Work task
Only the pictures are to be left out; please reproduce everything else in the data exactly.

Dataset excerpt

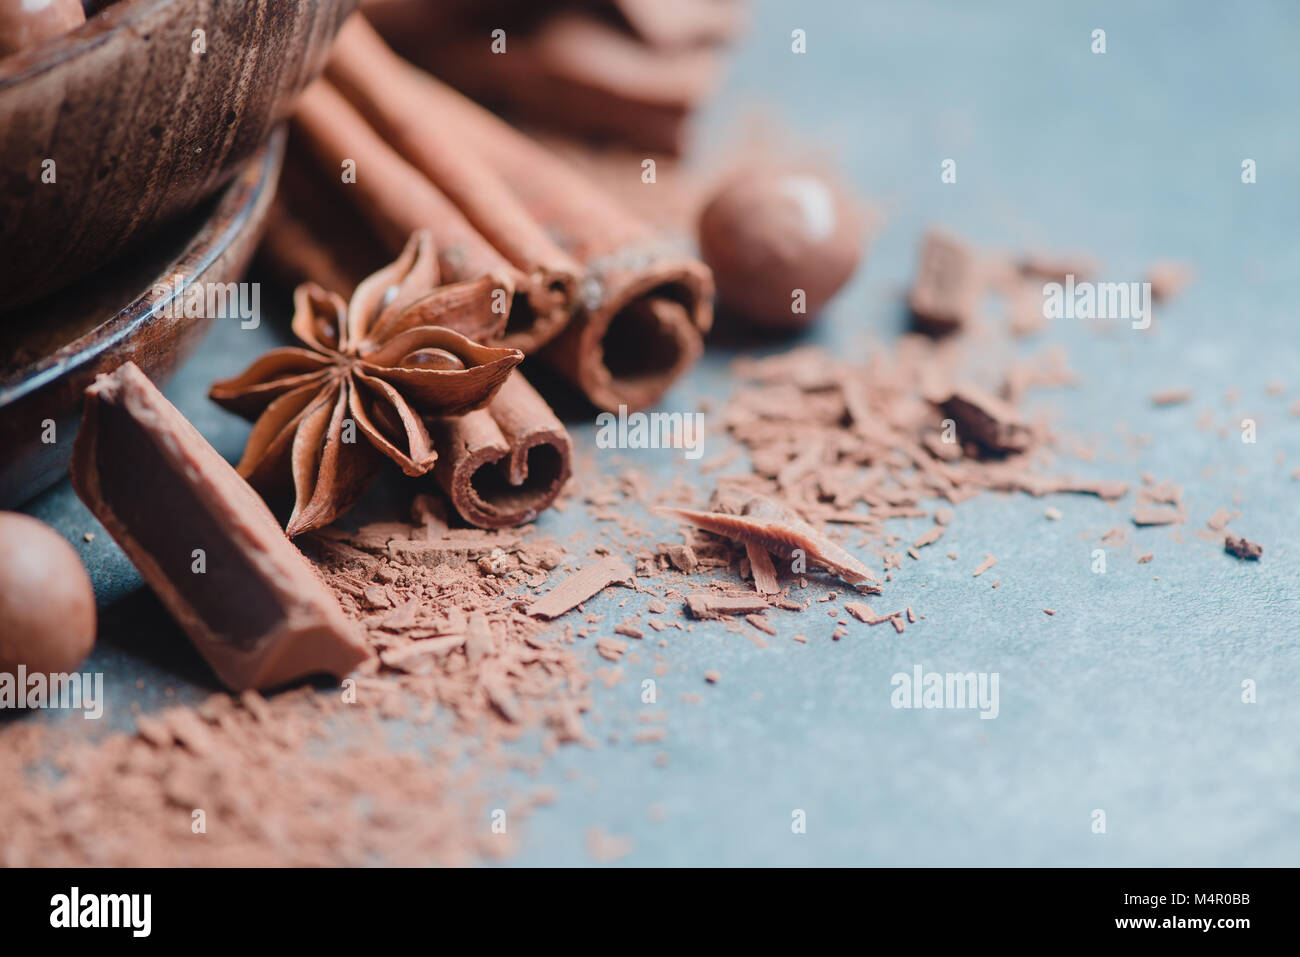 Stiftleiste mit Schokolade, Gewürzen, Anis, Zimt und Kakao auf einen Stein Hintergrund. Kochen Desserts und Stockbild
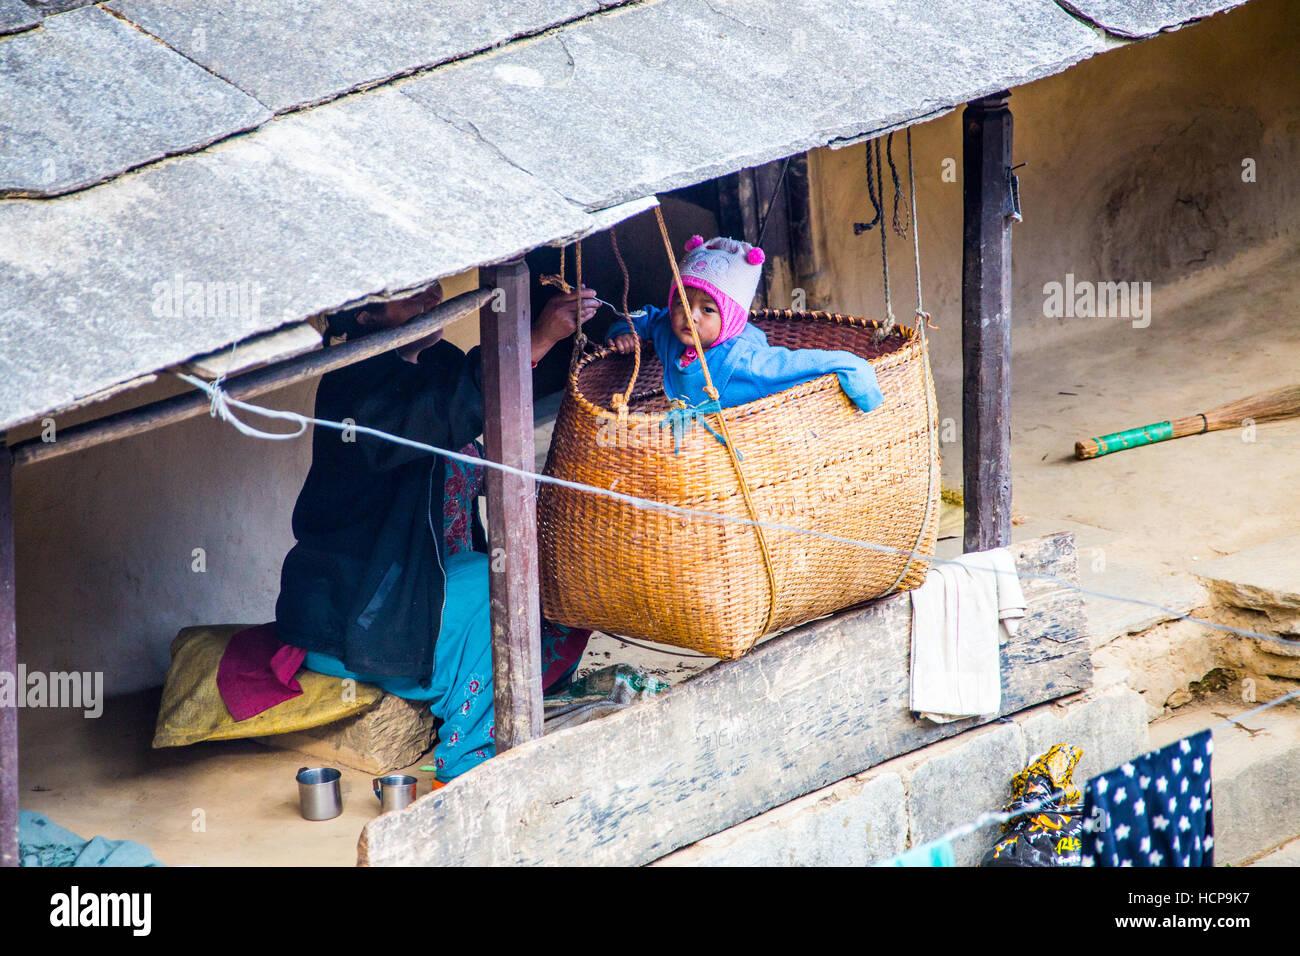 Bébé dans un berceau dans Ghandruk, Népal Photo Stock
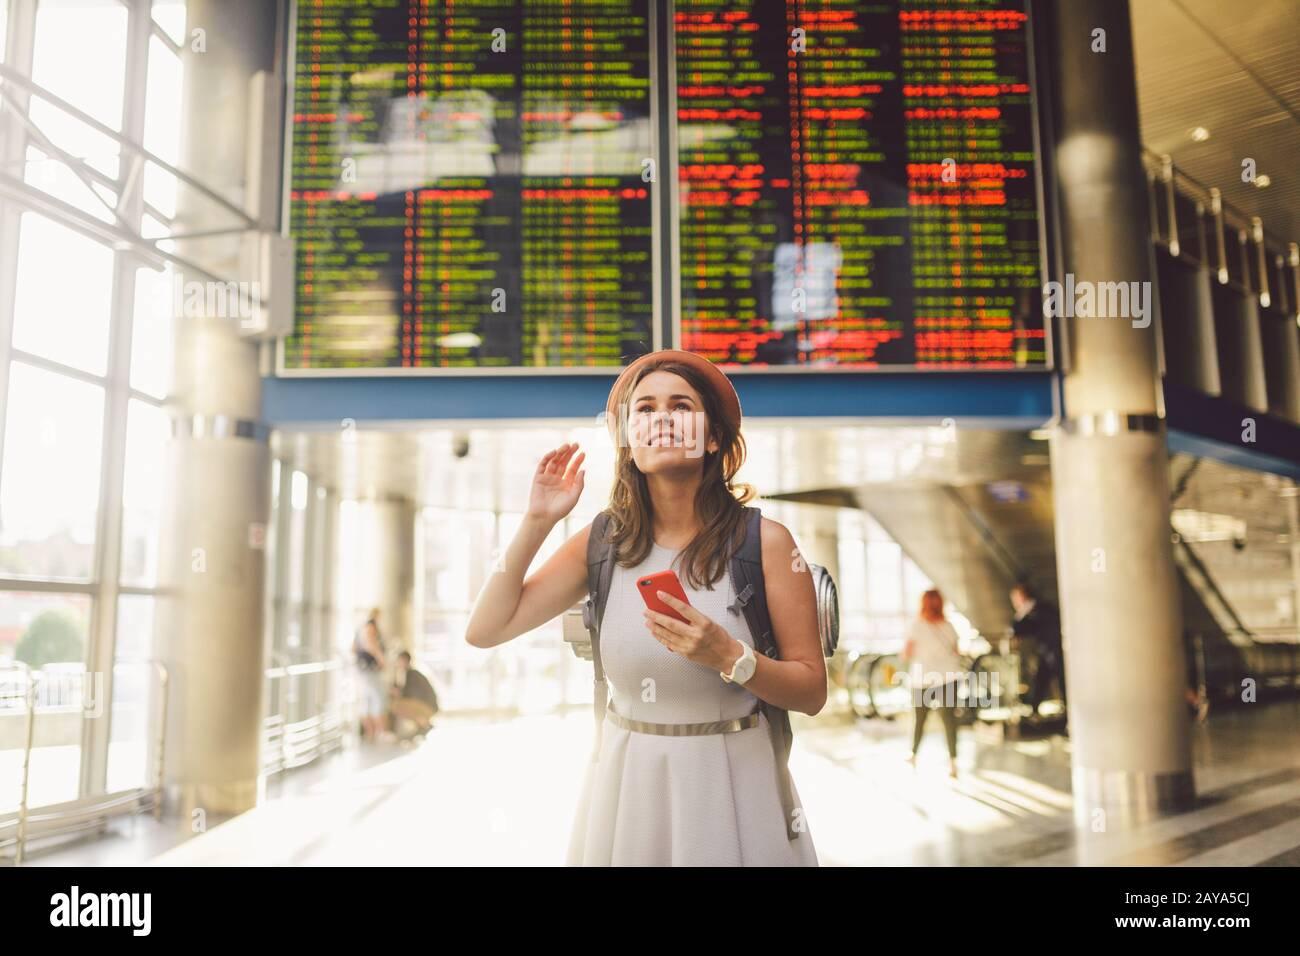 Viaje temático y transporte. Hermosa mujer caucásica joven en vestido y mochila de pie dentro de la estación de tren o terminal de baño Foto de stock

Response area
 Stiftleiste mit Schokolade, Gewürzen, Anis, Zimt und Kakao auf einen Stein Hintergrund. Kochen Desserts und Stockbild
 Bébé dans un berceau dans Ghandruk, Népal Photo Stock
 Viaje temático y transporte. Hermosa mujer caucásica joven en vestido y mochila de pie dentro de la estación de tren o terminal de baño Foto de stock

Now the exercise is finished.